Оправдан будет каждый час - Амлинский Владимир Ильич 4 стр.


- Бросьте вы о своей кофеварке… Завели какую-то ерунду.

И тихие, невнятные шепоты, обрывки неясных разговоров, ожидание. Отец далеко и мать далеко… Я один с бабушкой. Один во всем мире в бомбоубежище, среди взрослых полупонятных разговоров и младенческого плача. Сейчас ожидание и уныние. Уныние, сменяемое ожиданием. Ожидание отбоя.

Дальше поезд, ползущий из Москвы в Казань, как гусеница, то замирает, то останавливается. Для теплушек дорога долгая, медленная, для эшелонов с военной техникой, идущей к Москве, она стремительнее и короче.

Здесь, по дороге в Казань, нас бомбили. Сначала самолет пролетел, а мы уже выскочили и залегли в мерзлой жесткой траве. И он вернулся снова. Бабушка прикрывала меня, говорила лихорадочно:

- Не бойся, тихо лежи… Пронесет.

Не пронесло. Целил, видно, в длинный с техникой, идущий впереди нашего… То ли не попал, то ли на всякий случай решил нас уничтожить. Все-таки тоже цель. Старики и женщины с детьми, инвалиды. Наверное, ему приказано бить по всему живому. А может, и собственная инициатива. Три головных вагона сгорели. Фонтаны земли, пыли, вырванных кустов, травы, едкий непереносимый запах, крики. Снизу, с земли, в которую мы вжались, почудилось, что вокруг все осыпается, будто лавина. И сразу непонятно, жив ты или нет, конец это или начало. Начало нового, еще более страшного конца.
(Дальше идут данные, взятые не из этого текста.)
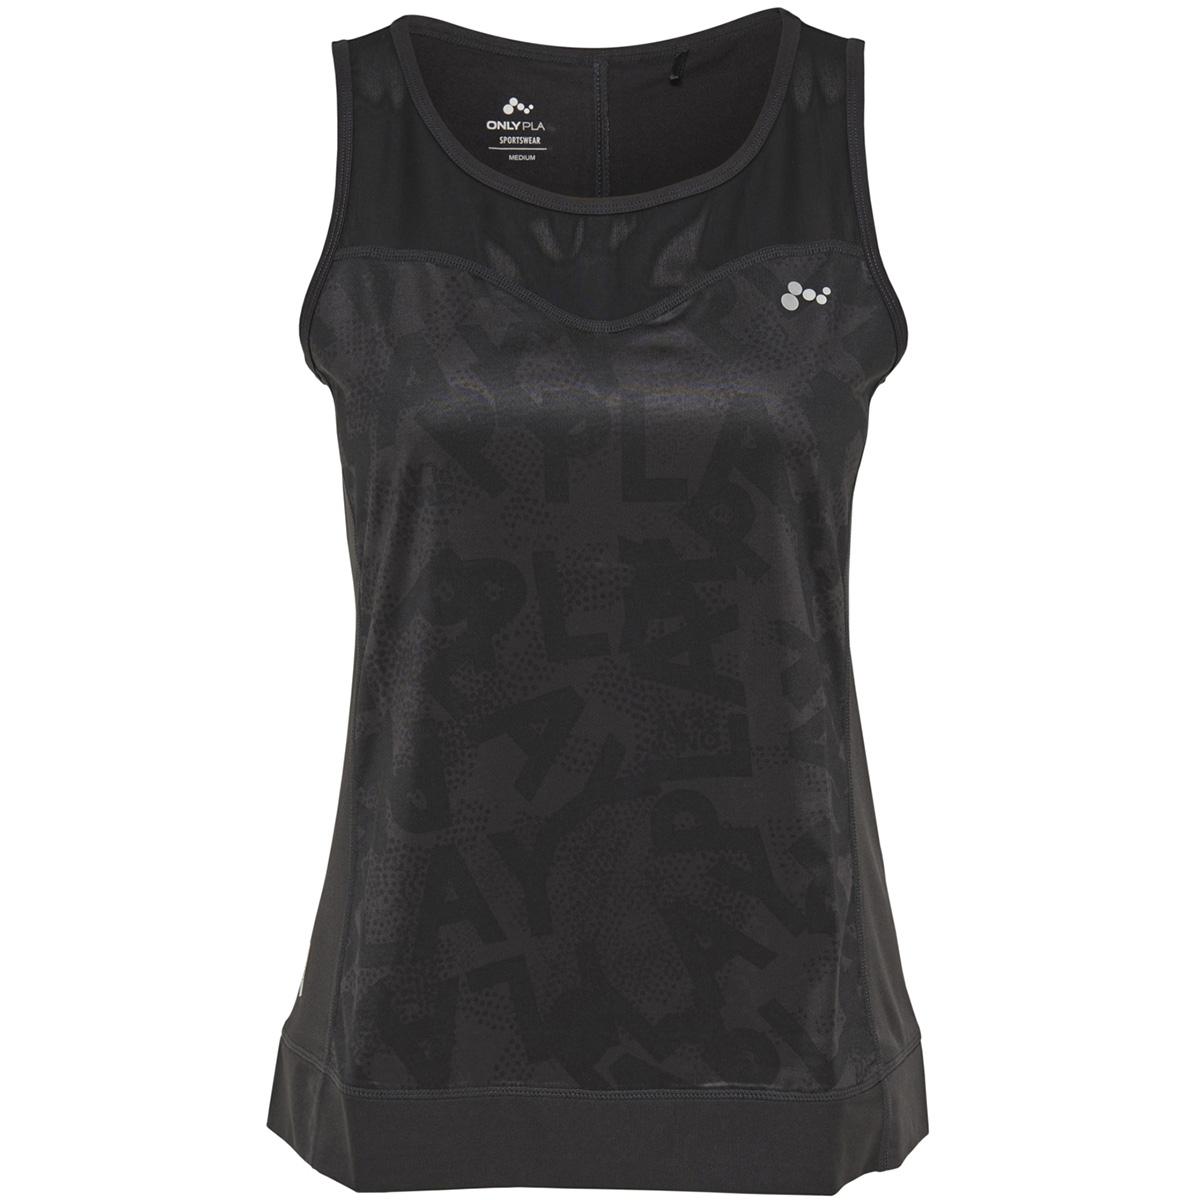 onpplay aop sl training top prs 15159702 only play sport top dark shadow
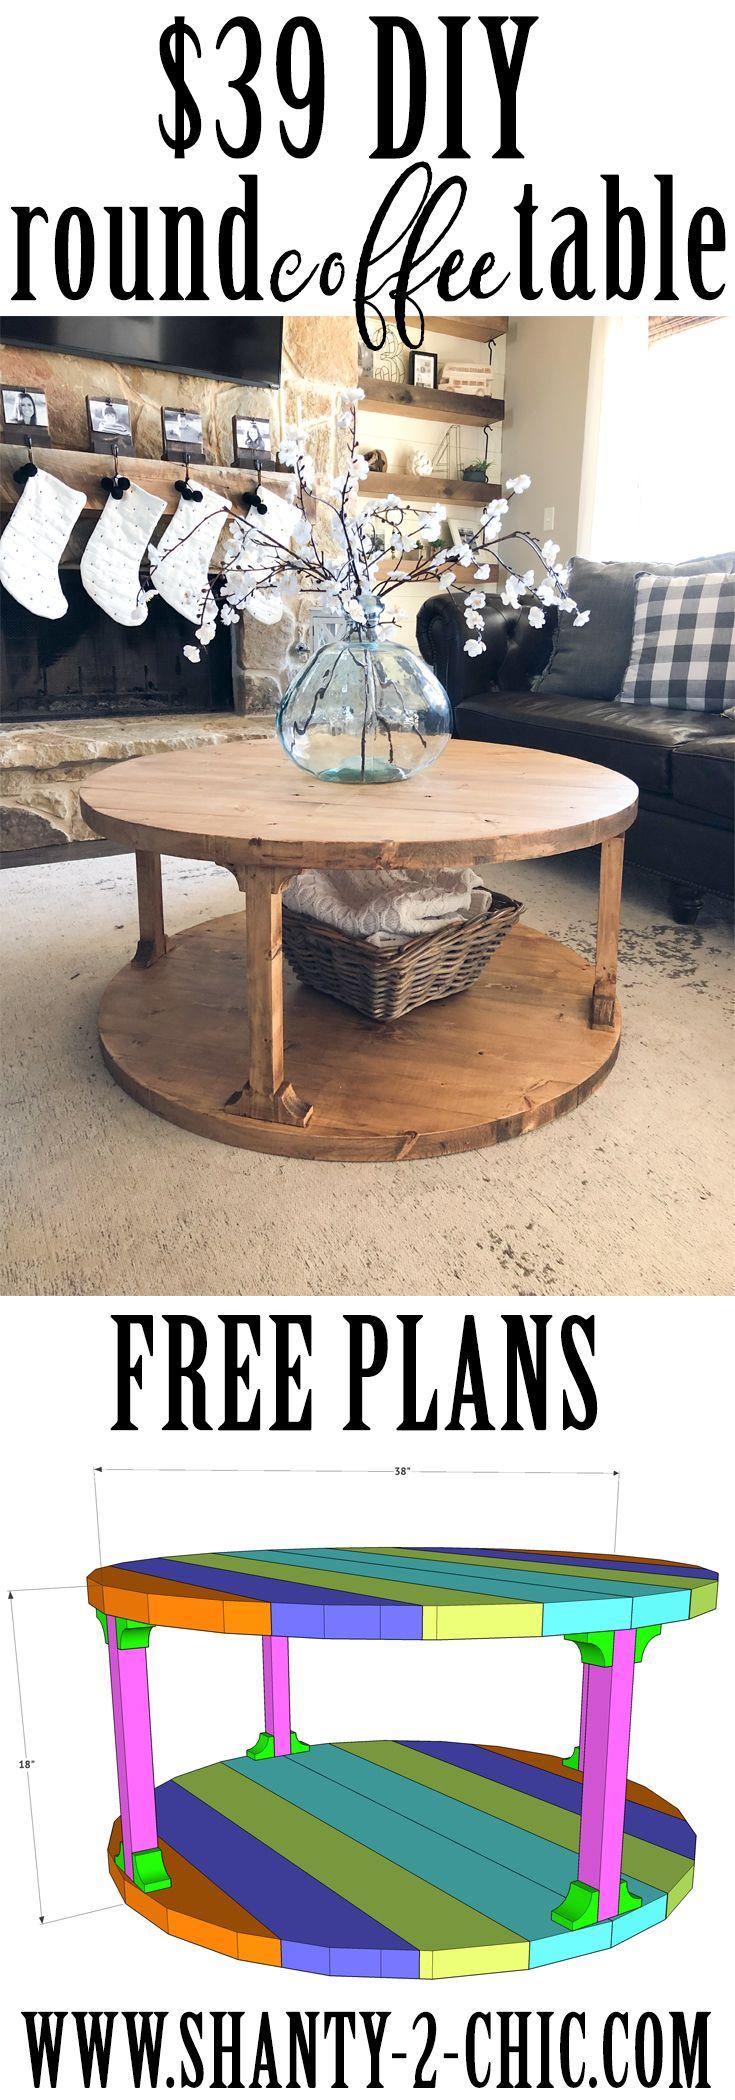 Diy Round Coffee Table Round Coffee Table Diy Diy Coffee Table Coffee Table Farmhouse [ 2100 x 735 Pixel ]

Представляю себе сейчас этого немецкого летчика: молодой, лихой (еще первые месяцы войны), возбужденный, радующийся - все-таки поразил цель. А что за цель - это уж не так ему и важно.

Представляю себе, будто я случайно встретил его в какой-то из европейских стран, куда я и он приехали туристами. Он живет в роскошном номере, я - в скромном, по причине скудости валюты.

"А, русский, рус". Он задумчиво улыбается, вспоминает годы молодости, чуть хмурится и светлеет. Хмурится, потому что тяжкие были те годы, светлеет от дальних и горьких воспоминаний: все это было, а он уцелел, выжил и скольких своих друзей оставил в России. Думаю, что в нем нет и тени раскаяния. Почему? А все потому, что у него не было и нет чувства персональной ответственности. В этом - секрет тоталитарной психологии. Психология личности здесь не индивидуализирована… Винтик не может судить машину, он сам ее частица, он и работает на нее в целом, как ему и положено.

Задумается он потом, когда машину сомнут, изломают. Тут он перестанет быть винтиком и станет человеком. Он окажется в плену, скажем, где-нибудь о Сибири или Казахстане. Но в конце концов и плен не так уж страшен. Война позади, он жив, и скорее бы домой. И зачем мучить себя виной, когда надо жить, надо жить… как все, так и он. Приказали воевать - он воевал. Сейчас приказано строить - он будет строить… Пусть сами разбираются, кто виноват.

Самое любопытное, что он расположен ко мне. Ко всякому русскому, приехавшему сюда, он чувствует интерес, может быть, даже симпатию. Его с нами объединяют общие воспоминания, а это ведь не так мало. Я это вижу, пытаюсь определить, понять, не впадая в напрашивающееся само собой осуждение.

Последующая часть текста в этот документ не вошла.